刺激的な記事を書きたい週刊誌の思惑どおりに誘導されてしまった感が否めないものの、週刊誌という公の媒体上で、これまで事務所に最も貢献してきた飯島氏を辱しめてしまったわけですから、これだけでもメリー氏には経営者としての資質に大きな問題があったといえるでしょう。

 そればかりか、この取材をきっかけにしてメリー氏は飯島氏に「辞めろ」というパワハラを繰り返すようになったからこそ、飯島氏は「それならばスマップを連れて出ていこう」と腹をくくったのではないでしょうか。

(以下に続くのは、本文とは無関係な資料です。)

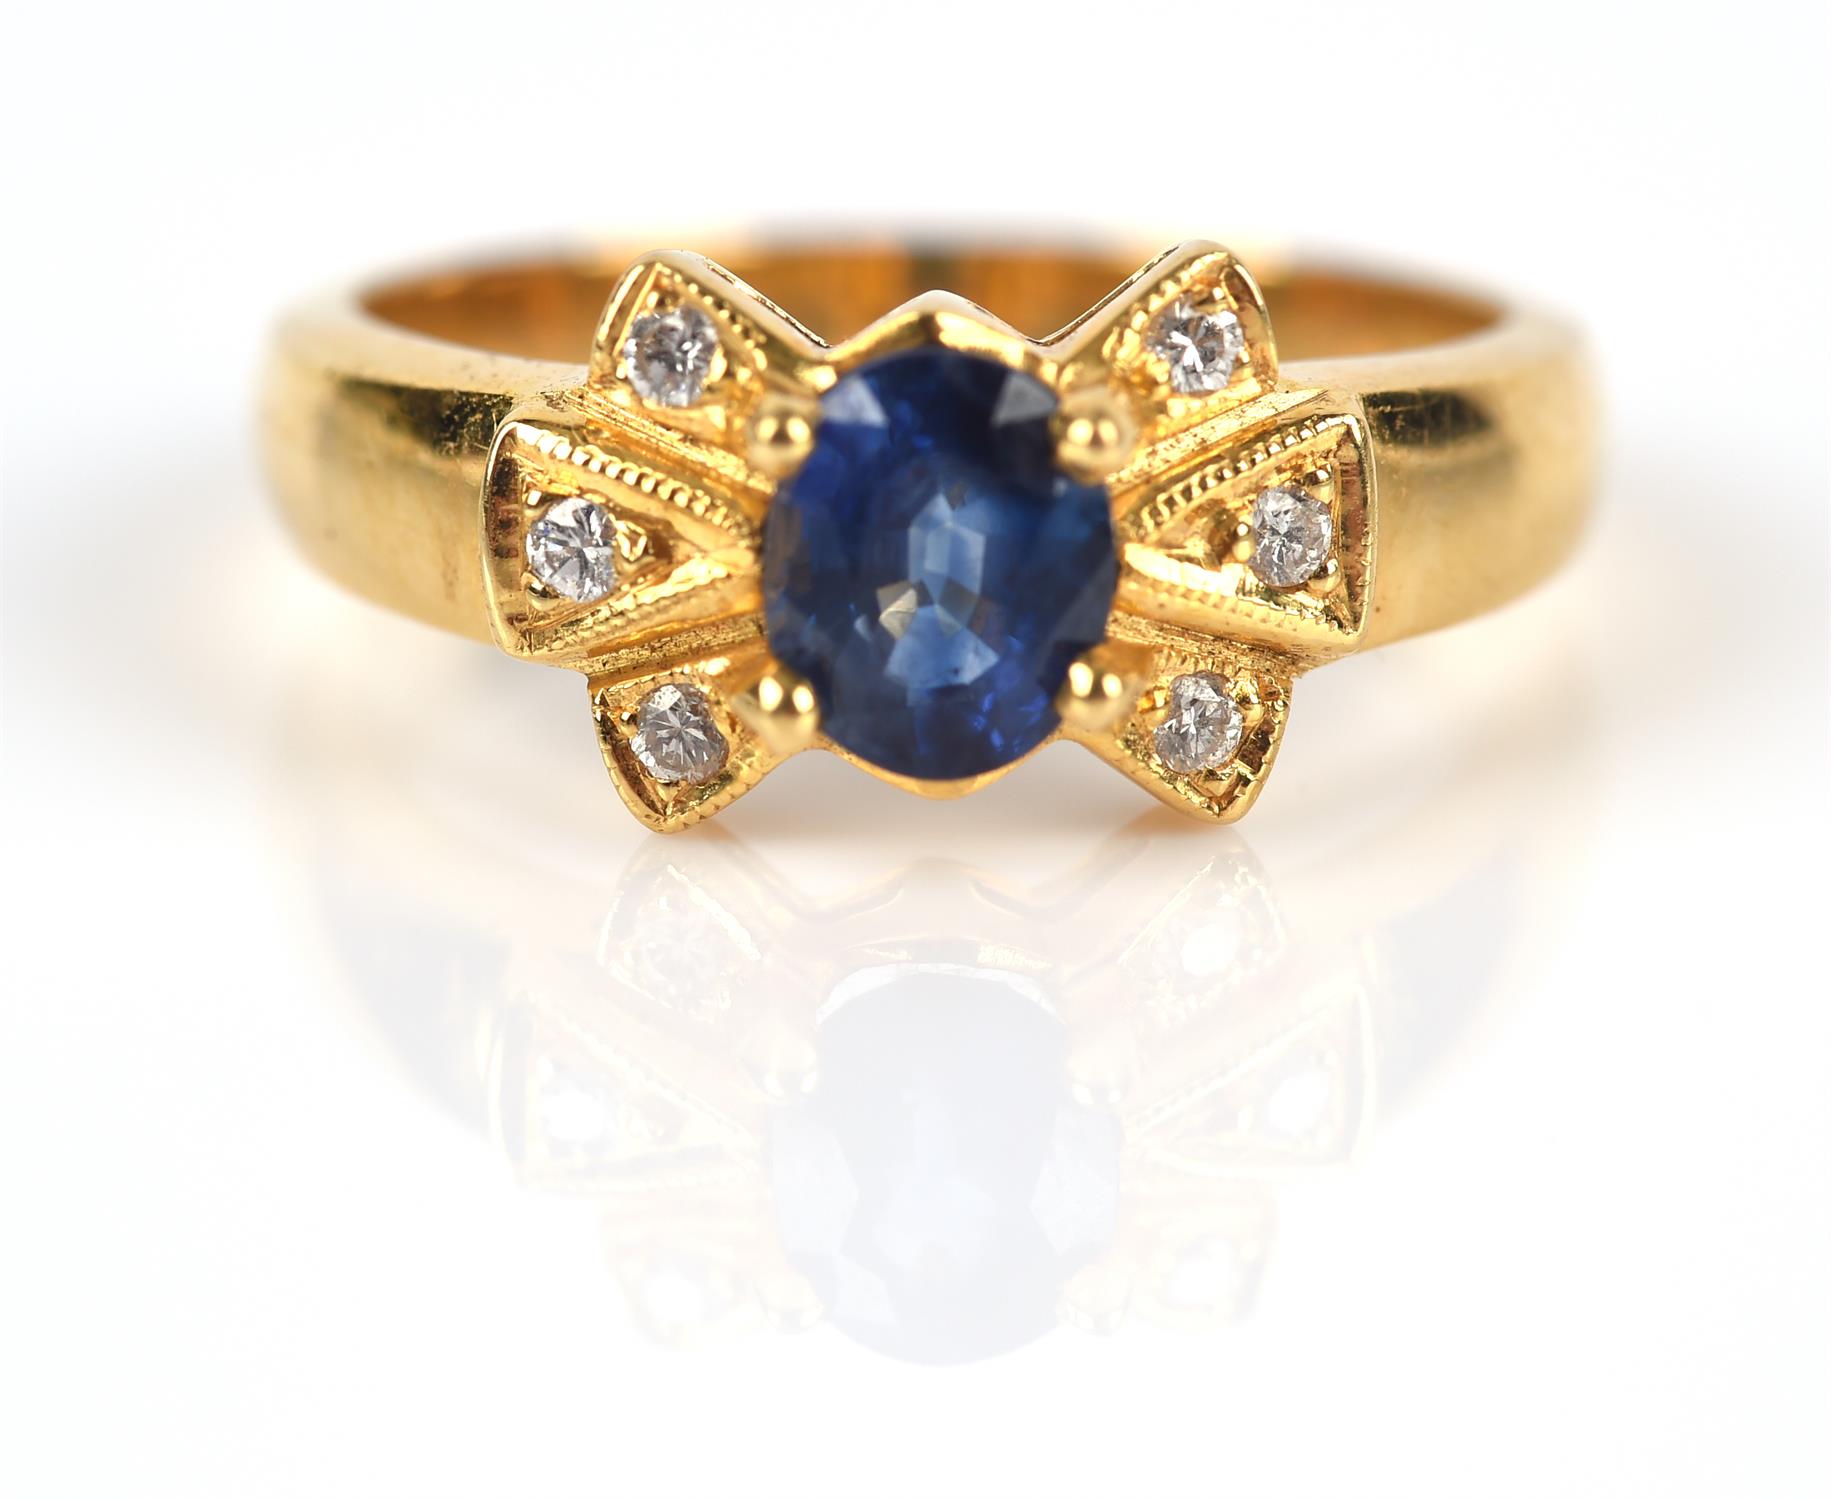 Modern sapphire and diamond ring, central claw set oval cut sapphire weighing an estimated 0.

 その結果、飯島氏が事務所側と正式に交渉することになり、飯島氏とSMAPの5人は円満に独立することが決まっていたのでしょうし、引受先のプロダクションも5人のメンバー全員であればという条件付きで決まっていたのでしょう。当然のことながら、SMAPという名前を使い続けるわけですから、独立後の権利分配についても詳細に話し合われていたのでしょう。

 ところが、なぜかメリー氏は話し合いで一回決まっていたことを「独立は認めない」とひっくり返し、木村拓哉氏もそれに同調して「ジャニーズに残る」と言い出してしまいます。感情をむき出しにして飯島氏とSMAPを追い出しにかかったものの、事務所の売り上げの4分の1を占める稼ぎ頭がいなくなるのは許せないという思いが噴出したのかもしれません。

■ 番組での公開謝罪はメリー氏に対するもの

 いずれにしても、メリー氏と木村氏が突如として翻意したために、飯島氏と他の4人のメンバーははしごを外されてしまったのです。そのために、引受先のプロダクションも態度を一変させ、5人で円満に独立するという計画は泥縄式に崩れてしまったわけです。

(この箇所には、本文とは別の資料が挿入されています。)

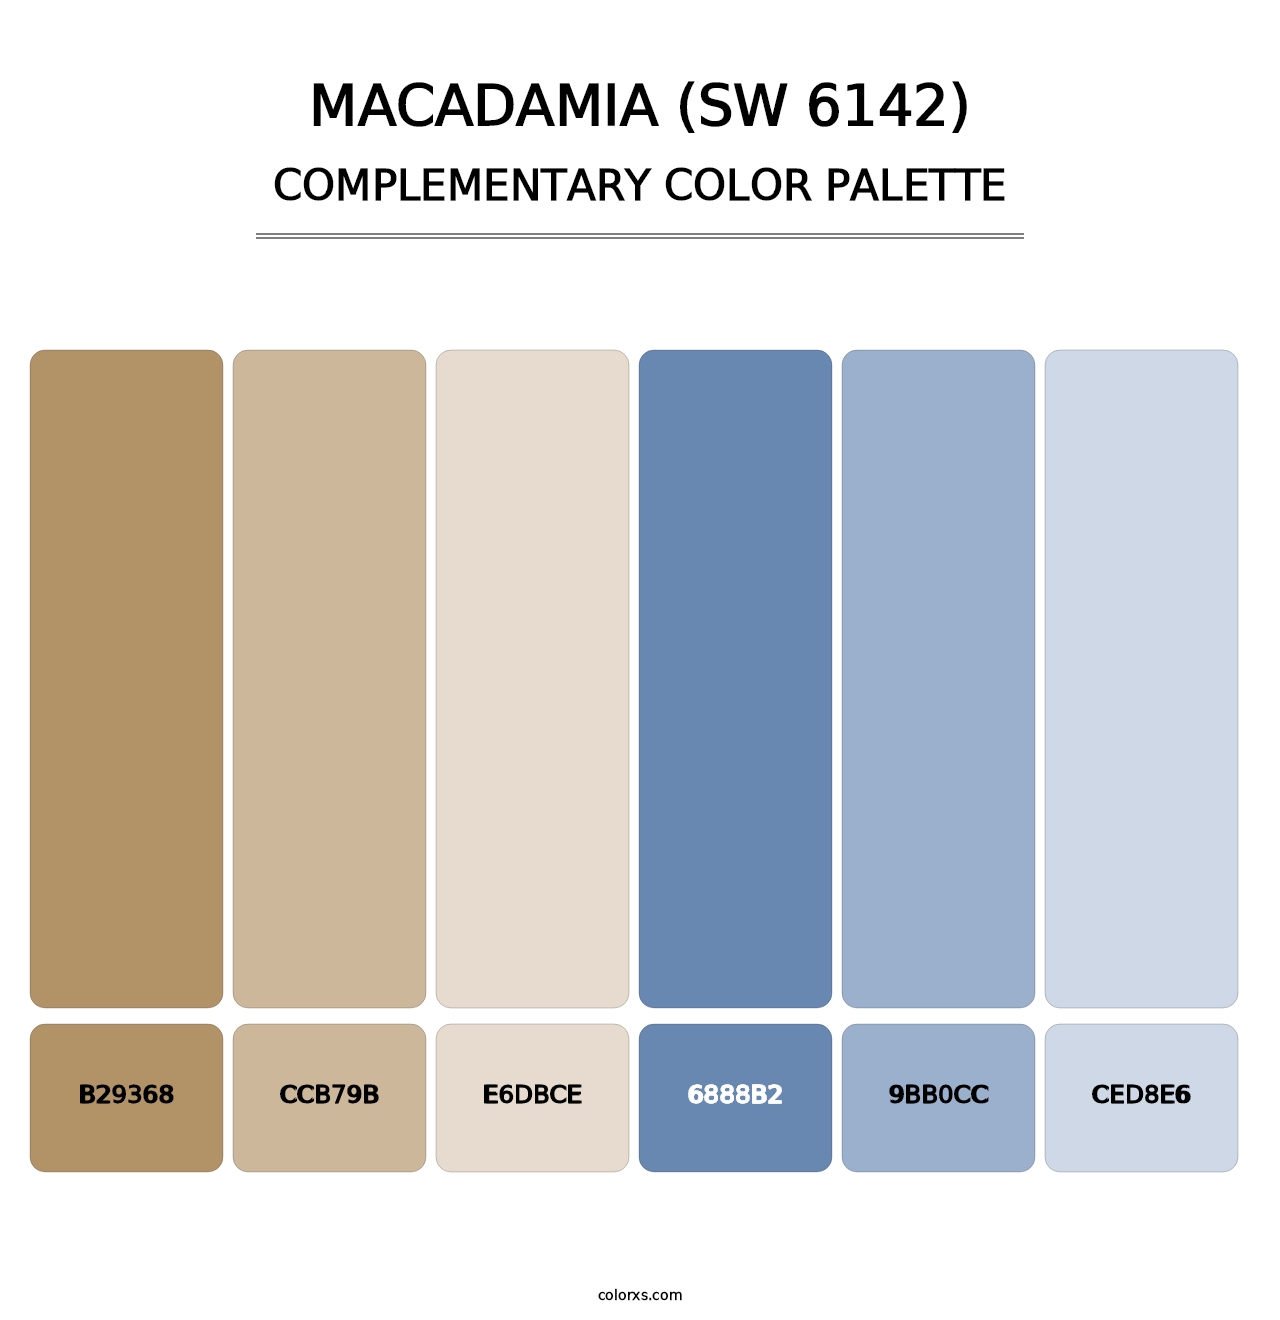 Macadamia (SW 6142) - Complementary Color Palette

 今回のSMAP騒動の真相は、メリー副社長が娘を盲目的に愛するあまり、事務所にとって最大の功労者たちを追い出そうとしたこと、さらにはメリー氏と木村氏が一回決まった円満独立を反故にしたことでしょう。

 それにもかかわらず、ジャニーズ事務所は中居氏、香取氏、稲垣氏、草彅氏の4人に対して、フジテレビの番組の中で公開謝罪をすることを強要しました。これは、視聴者やファンへの謝罪ではなく、メリー氏への謝罪であったということは間違いないでしょう。飯島氏が週刊誌上で辱められたのと同様のことを、4人のメンバーがテレビ番組上でさせられたのです。


今回の騒動で明らかになったのは、ジャニーズ事務所の陰湿性と前近代的な経営が日本国民の前にはっきりと示されたということです。芸能事務所に「コンプライアンスがなってない」などというつもりは毛頭ありませんが、事務所の発展に貢献してきたSMAPに対する感謝すら微塵も感じられない冷徹な対応には驚くばかりです。

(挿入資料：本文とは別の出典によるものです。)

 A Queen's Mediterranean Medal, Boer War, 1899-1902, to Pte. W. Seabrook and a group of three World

 なぜ、このような理不尽なことができてしまったのでしょうか。それは、マスメディアの報道がおおむね、ジャニーズ事務所にとって都合の悪い事実はすべて覆い隠し、一方的に事務所が正しいという流れに終始していたからです。

■ 真偽の検証をしない芸能メディア

 今回の騒動の真相は、スポーツ紙やテレビで報道されているように、飯島氏が秘密裏に独立を画策し、それに4人のメンバーが加わったという類の話では決してないだろうと思われます。ところが、大手メディアで流れている報道では、解散危機の原因はなぜか独立をしようとした飯島氏と木村氏を除く4人にあるといい、真相が大きくねじ曲げて伝えられていたのです。

 実に奇妙だったのは、ジャニーズ事務所の御用メディアであるスポーツ紙の報道に対して、他のマスメディアがその真偽を検証することなく、さも事実のように垂れ流し続けていたということです。テレビの報道の現場で、独自の取材をしたという形跡もあまり見られなかったということは、芸能メディアの暗部を見事にさらけ出していたように思われます。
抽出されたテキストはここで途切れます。